#### [Information provided]

- - -

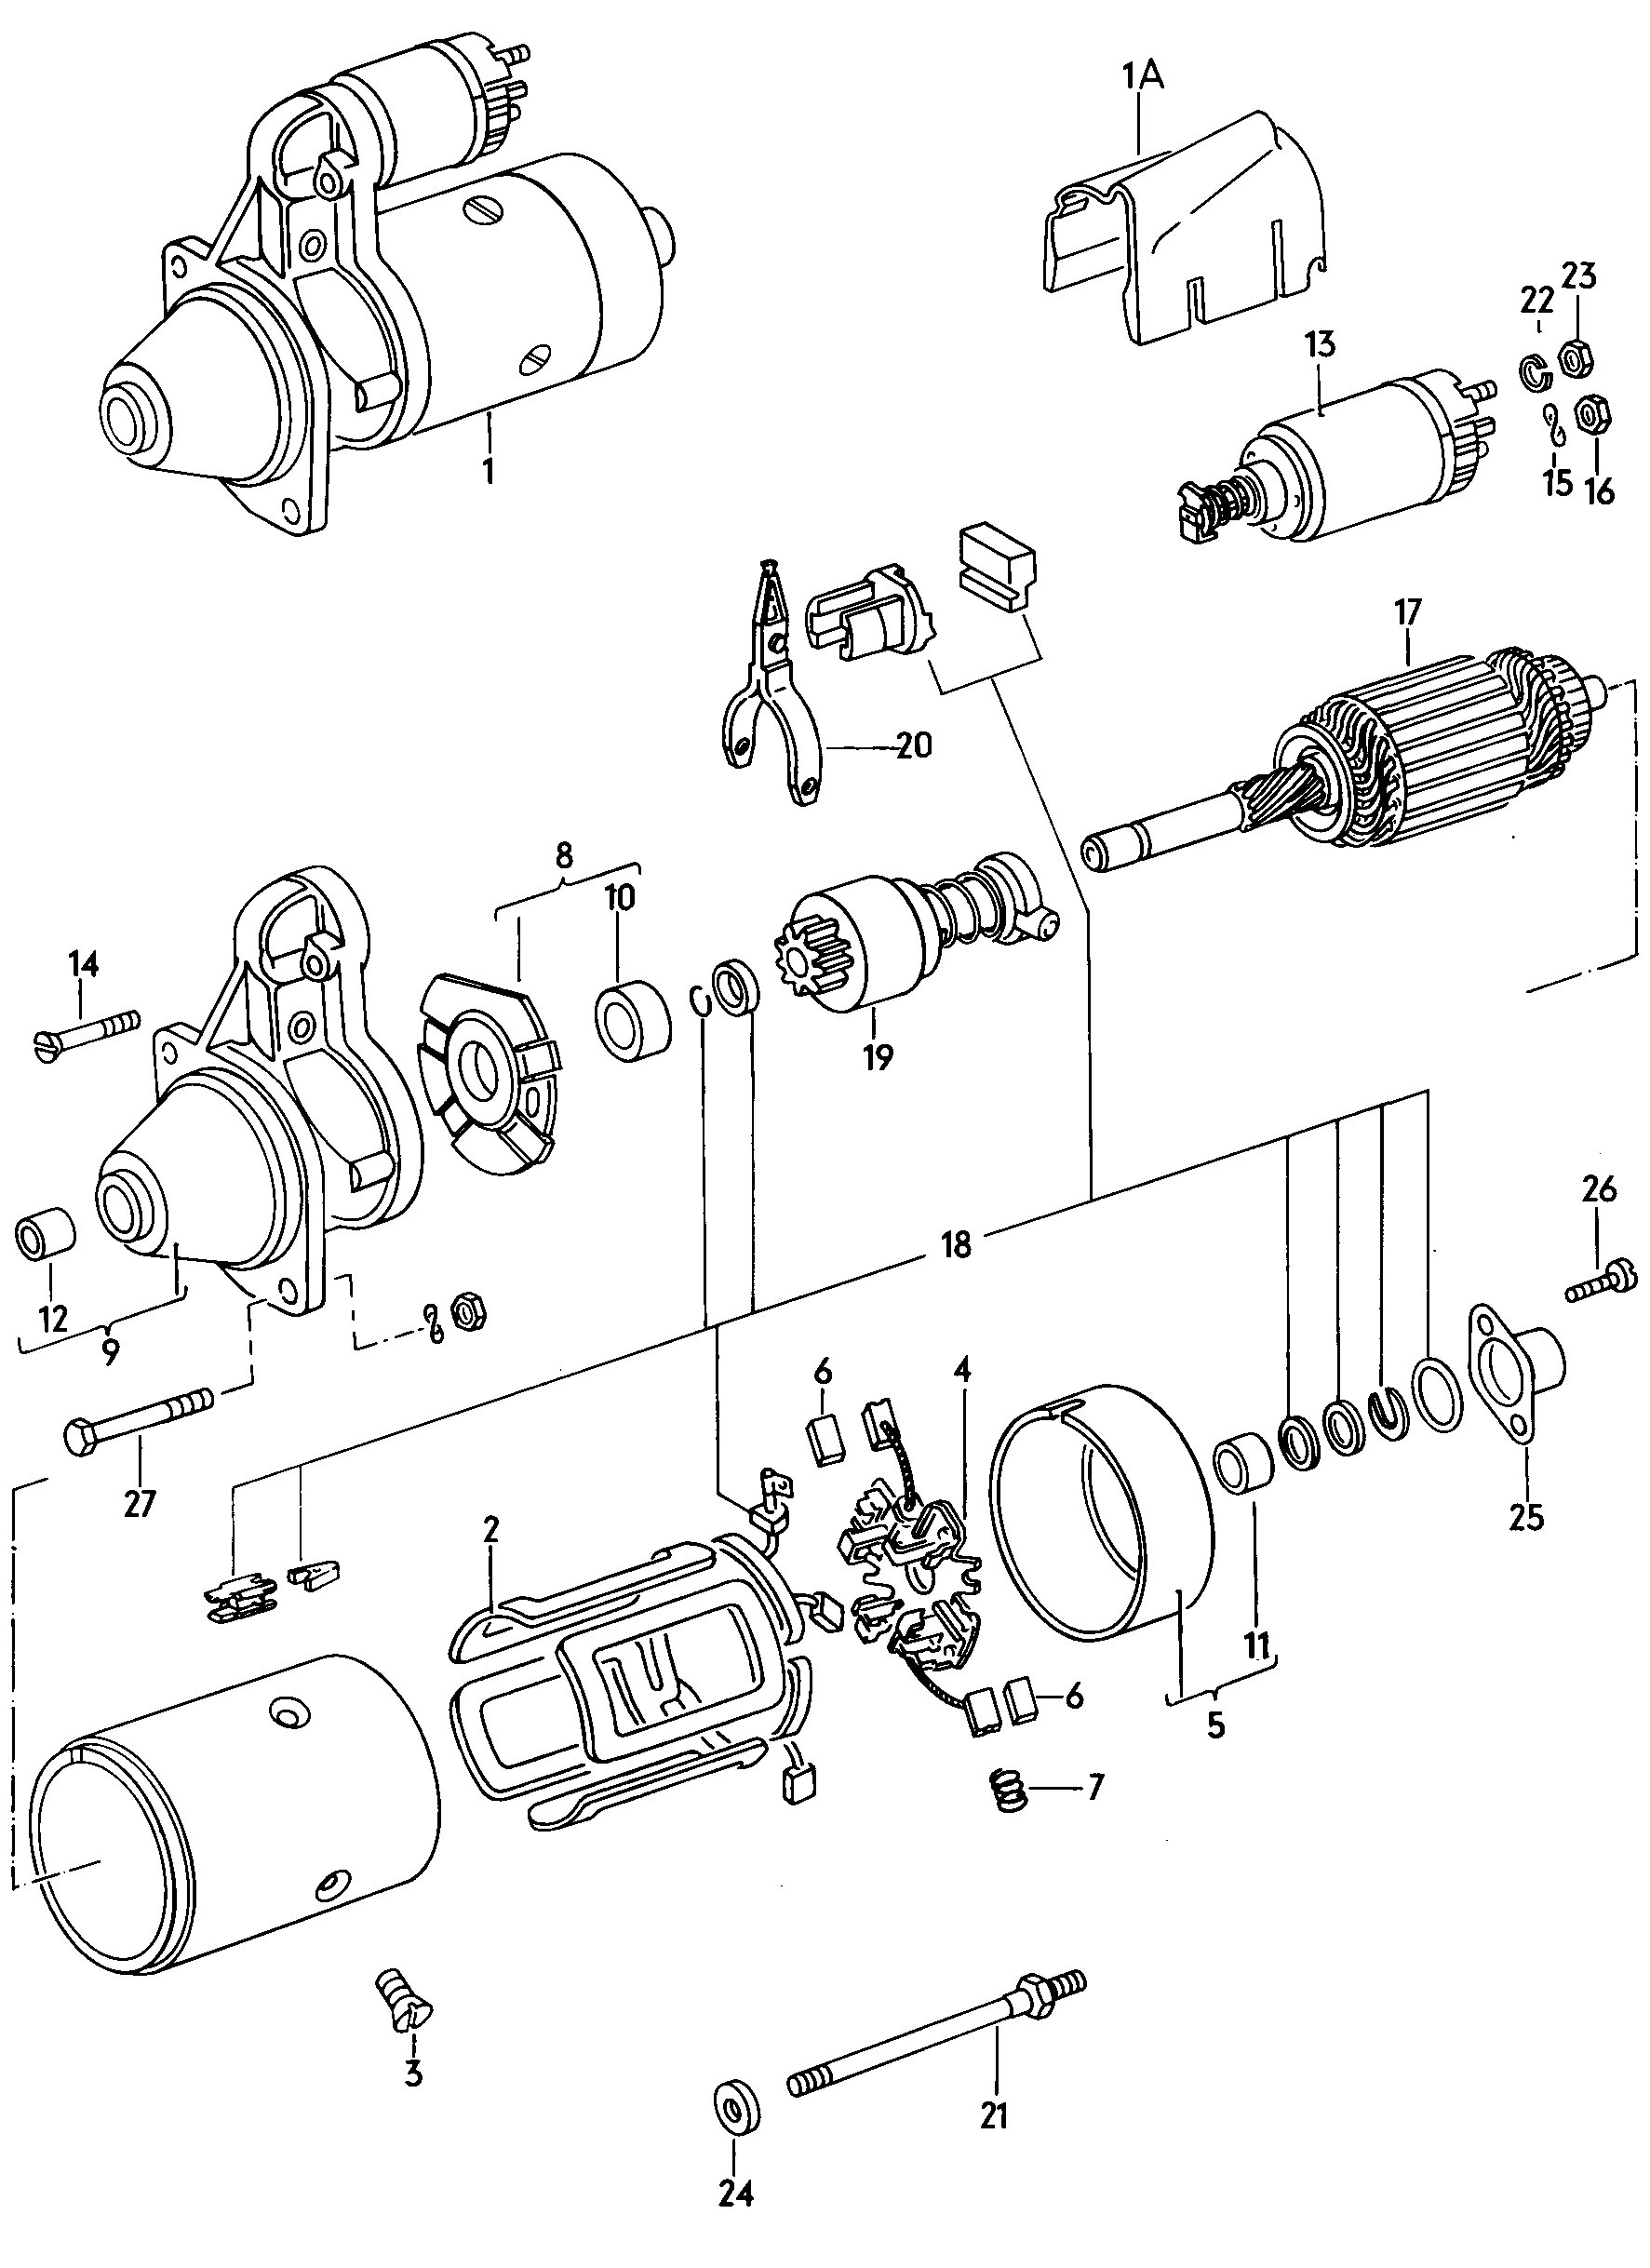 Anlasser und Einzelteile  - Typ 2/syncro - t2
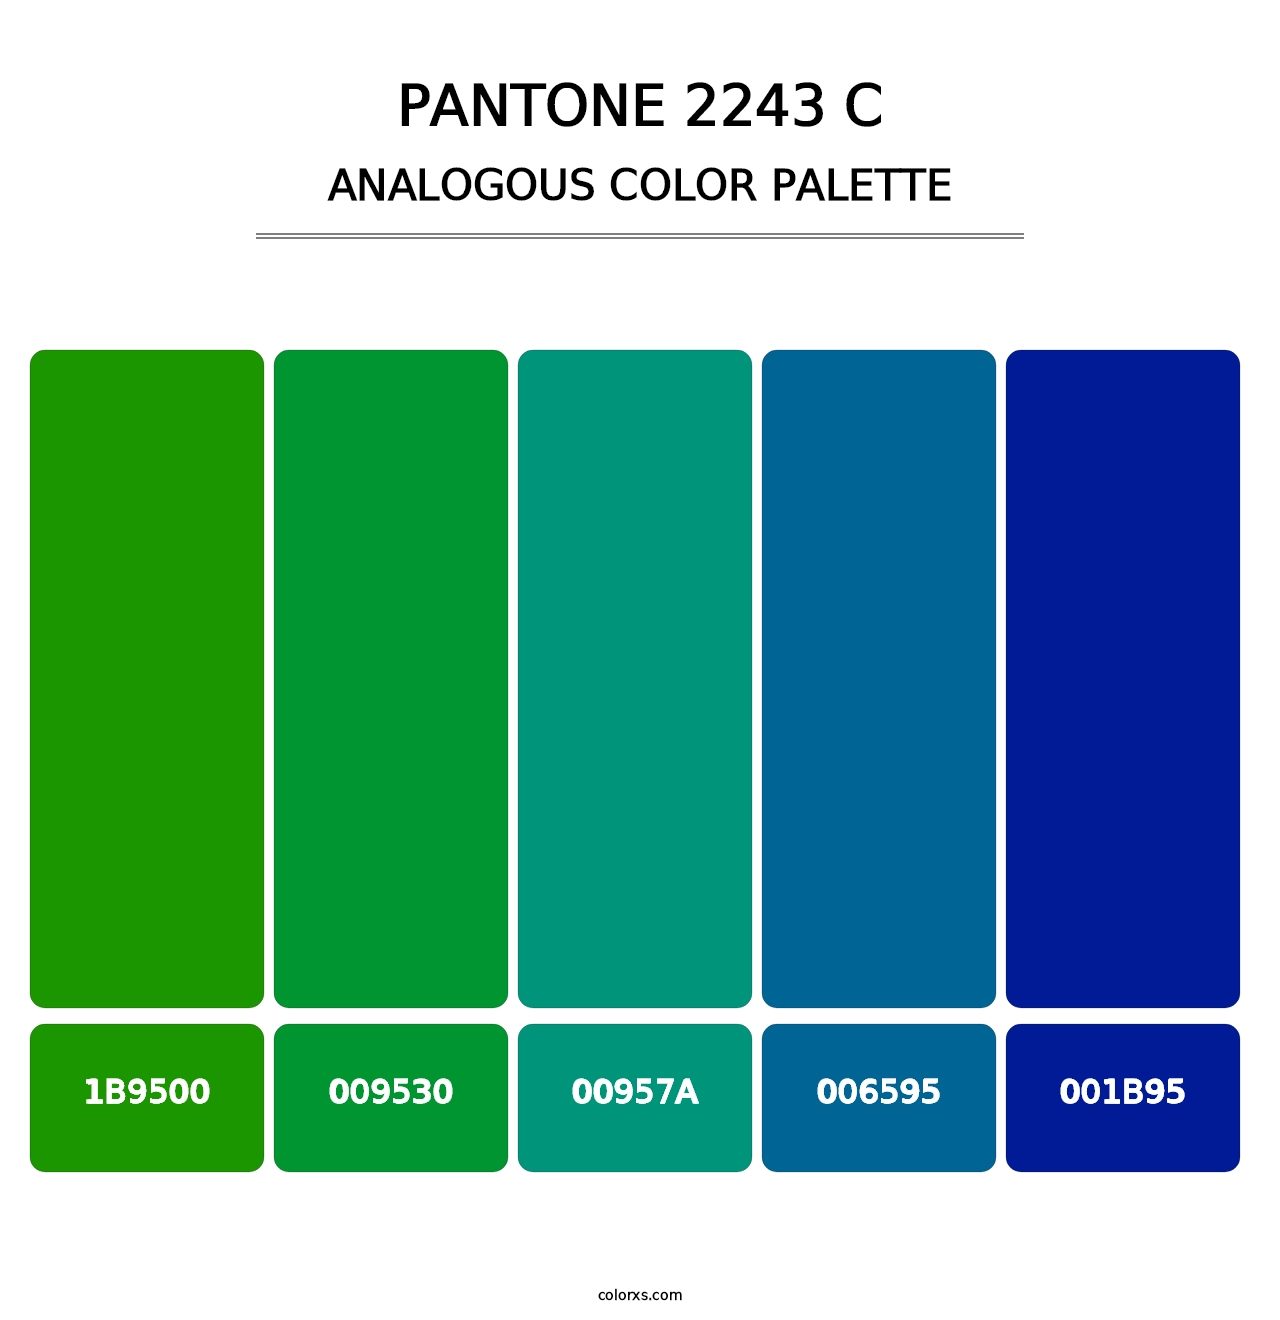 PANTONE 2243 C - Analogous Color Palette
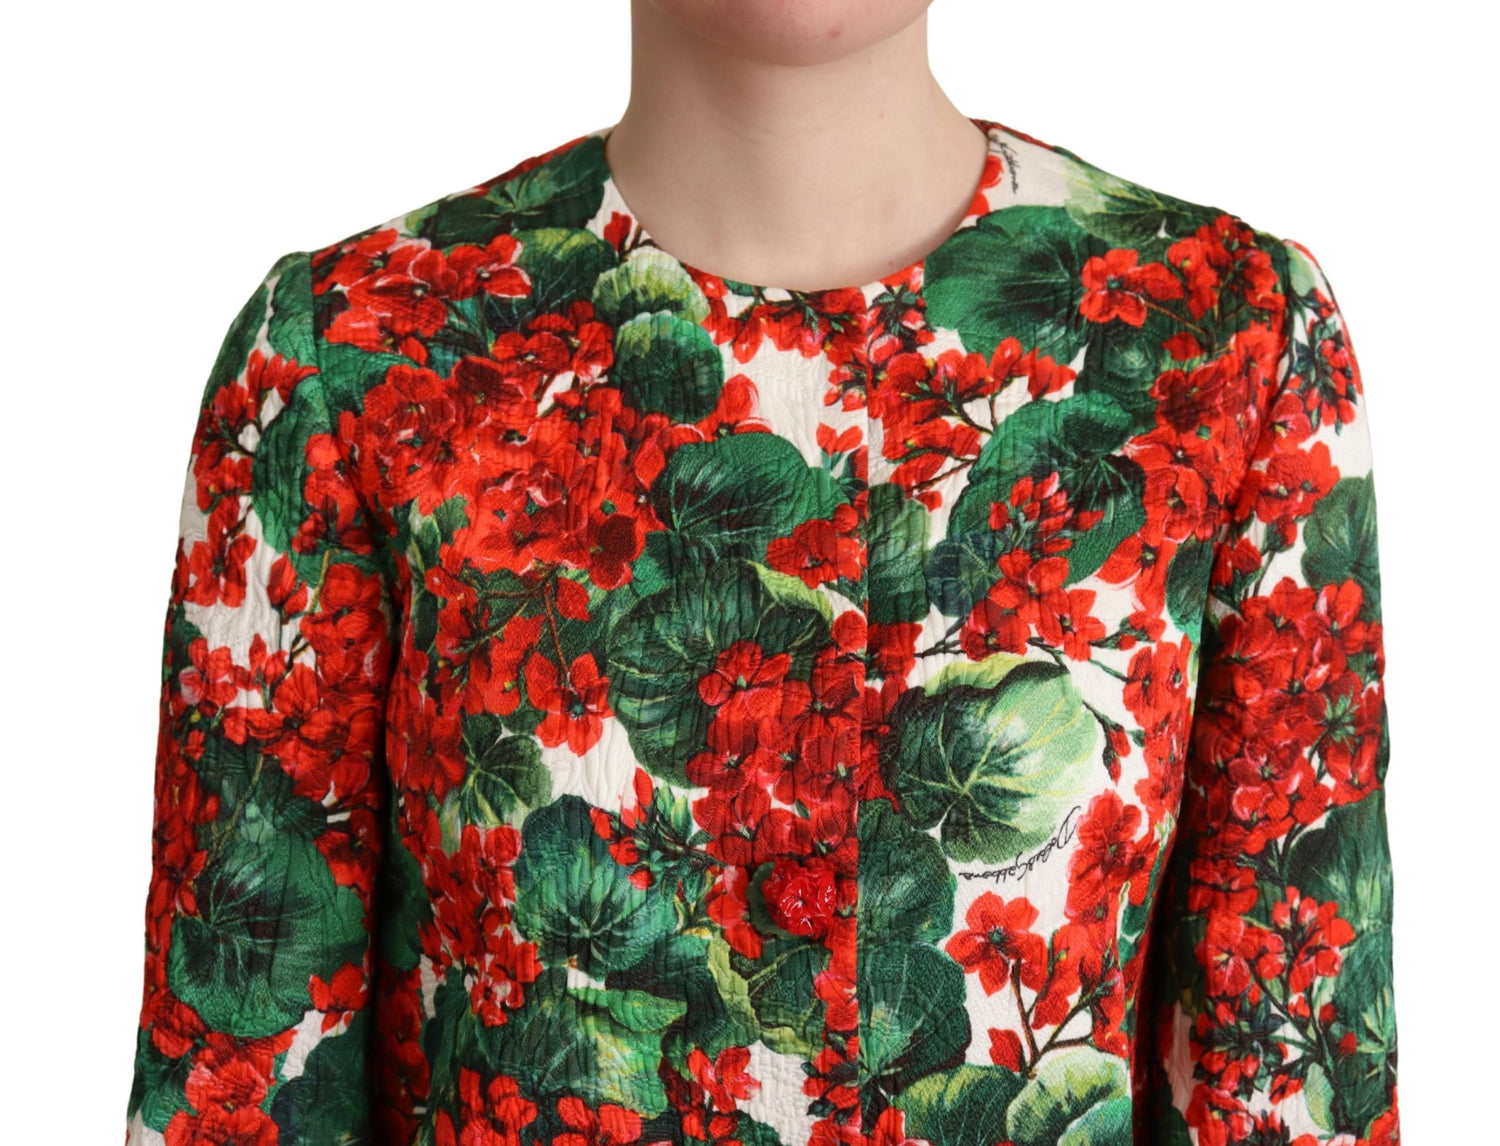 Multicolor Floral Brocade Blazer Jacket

- - -

#### [About this task]
Give the data again exactly, without pictures.

#### [Answer to the problem]
 Anlasser und Einzelteile  - Typ 2/syncro - t2
 PANTONE 2243 C - Analogous Color Palette
 Multicolor Floral Brocade Blazer Jacket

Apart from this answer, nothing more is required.